Edmans’ opposition boils down to the fact that ESG issues are too complex and multifaceted to be reduced to a small number of measurable KPIs. The process then becomes too ‘tick-box’ by only counting what can be counted, he said, and risks firms focusing on ESG above other factors that are also an important part of driving company success, such as innovation and cybersecurity.
Tim Goodman, Head of Corporate Governance at Schroders, says the firm does not see ESG metrics in pay “as a panacea to address sustainability issues”, but rather any well-governed company “should be meeting financial and ESG goals holistically”.
However, “the FCA is consulting in an environment where the government has committed to the UK being the first net zero-aligned financial centre globally,” points out Richard Belfield, WTW’s Executive Compensation and Board Advisory Practice Leader, Europe, adding that this may suggest the FCA is “thinking about more rapid action [in this space] than we might see elsewhere”.
Belfield nonetheless cautions that guidance from the FCA should “be at the margin, rather than something that would entirely transform the picture [of executive remuneration] we are currently seeing”.
PwC’s O’Connor agrees, saying it’s important to ensure “companies have the latitude to [implement ESG pay targets] in a way that works for them”.
“There is some comfort to having a briefing from the FCA on this as, should we lose momentum, there’s always the option for the FCA to intervene at a later date,” she adds.
For some, there is a demoralising aspect to the fact executives are even being financially incentivised to focus on sustainability-related goals. Conor Constable, Stewardship Manager at UK proxy advisors Pensions and Investments Research Consultants (PIRC) says the firm has a “hard-line position against bonuses and executive remuneration”.
Drawing on ‘the carrot versus the stick’ analogy, Constable questions the rationale for making the carrot even more appealing.
“Does it serve the shareholders, the employees and wider society? Or does it serve the executive directors and the consultants that are paid a lot of money to advise on their executive remuneration schemes?” he asks.
Constable appreciates the need for pragmatism, as it’s unlikely the FCA will propose an overhaul of executive remuneration. Guide rails to improve the transparency and measurability of the ESG metrics underpinning executive pay targets “would be a strong place for the FCA to start”, he notes.
The variety in types of metrics and their quality is an ongoing issue.
Last month, PwC published a report which assessed how 50 of the largest European companies have tied carbon targets to executive pay. It found that 71% of assessed companies currently targeted by the investor-led Climate Action 100+ (CA100+) engagement initiative and 50% of assessed non-CA100+ companies had translated their decarbonisation strategy into an explicit carbon measure in executive pay with a separate weighting. Just 14% of these assessed companies actually have targets that are “significant, measurable, transparent, and with a disclosed link to strategy”, the report said.
“The question being asked now is: How do you have a high-quality ESG metric? Should there be some kind of regulatory overlay that defines those parameters?” posits O’Connor.

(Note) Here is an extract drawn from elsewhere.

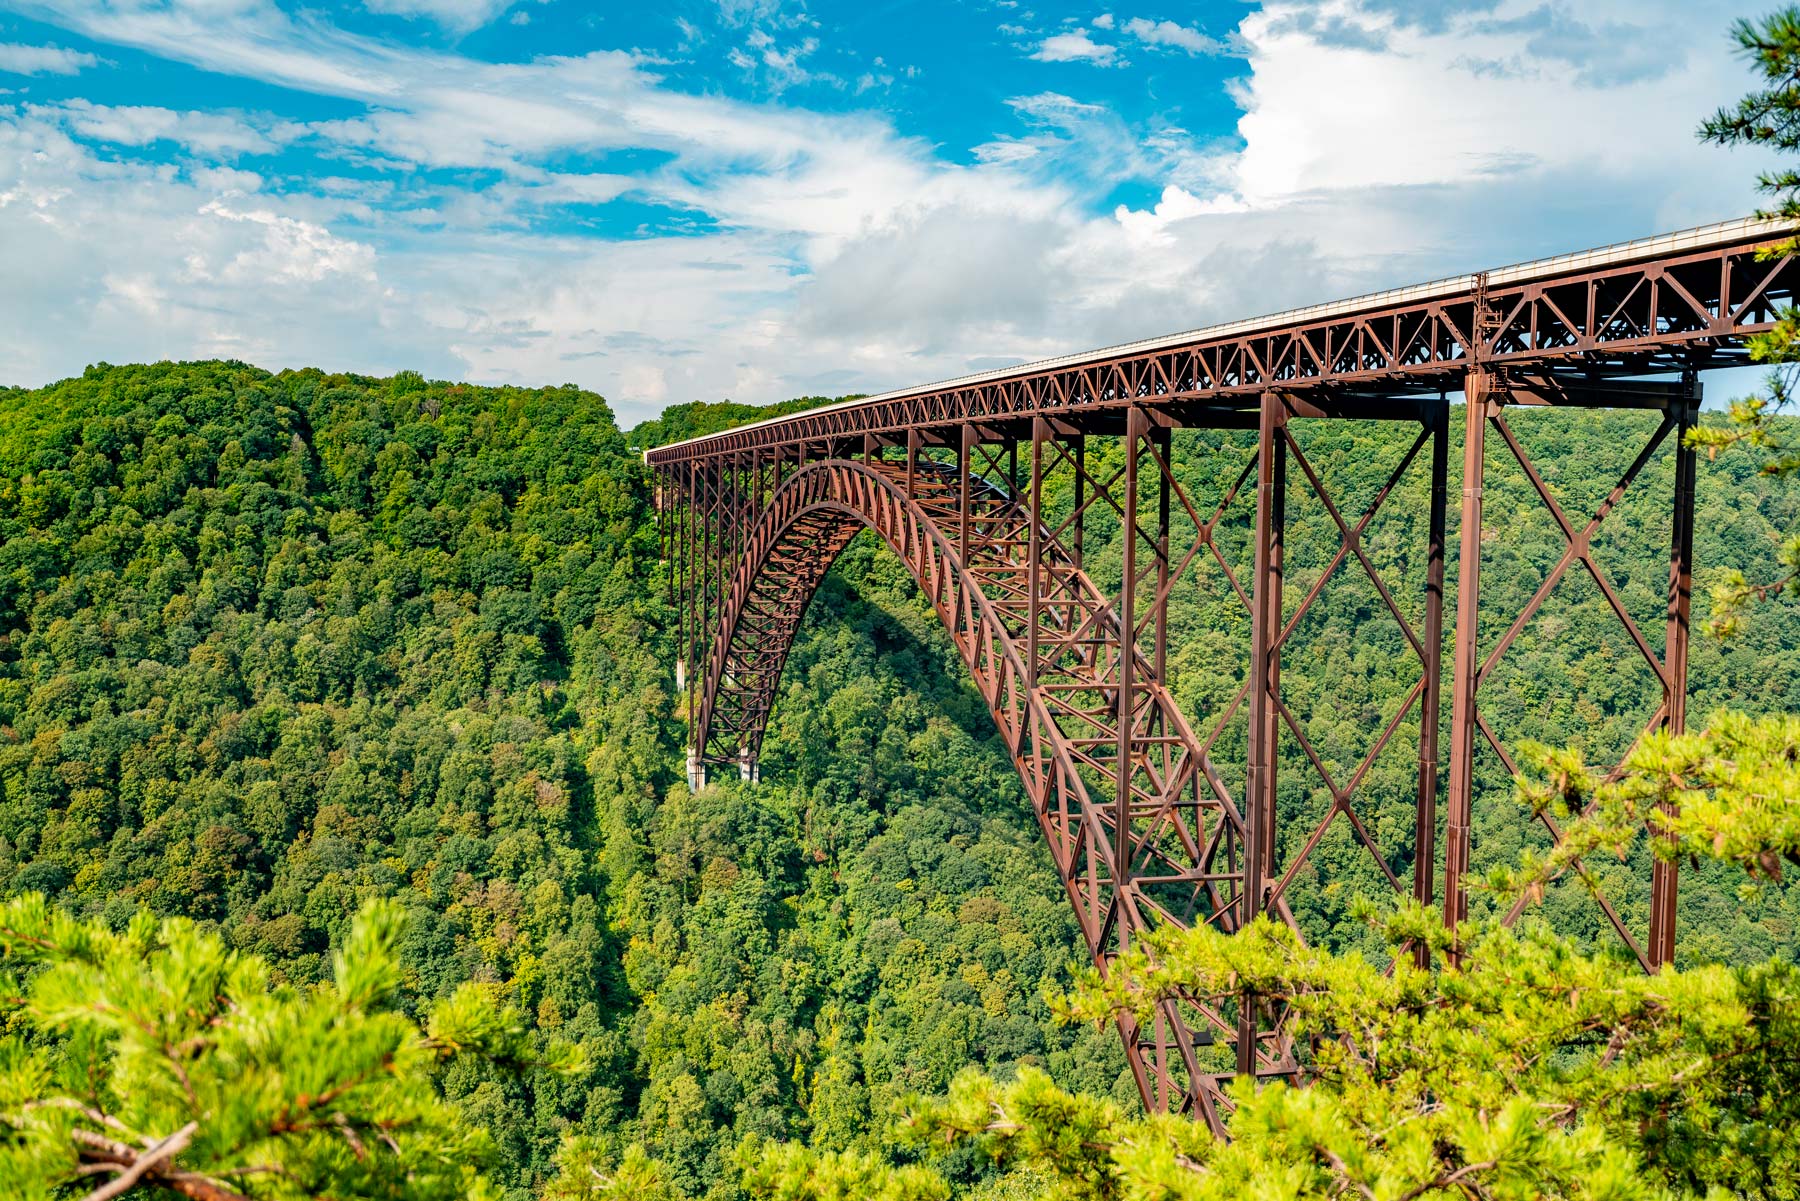 things to do new river gorge national park, new river gorge national park west virginia, bridge overlook

ShareAction’s Johnston argues that regulatory intervention doesn’t need to directly target executive remuneration to have a positive impact on firms’ overall sustainability-related performance, noting that other actions, such as mandating transition plans, will “really drive moves towards a net zero economy and taking action on social issues”.
The exact direction the FCA is going to take on this will be informed by feedback submitted from now until May.
The UK’s Investment Association (IA) and Invesco have both confirmed with ESG Investor that they are planning their responses to the FCA consultation.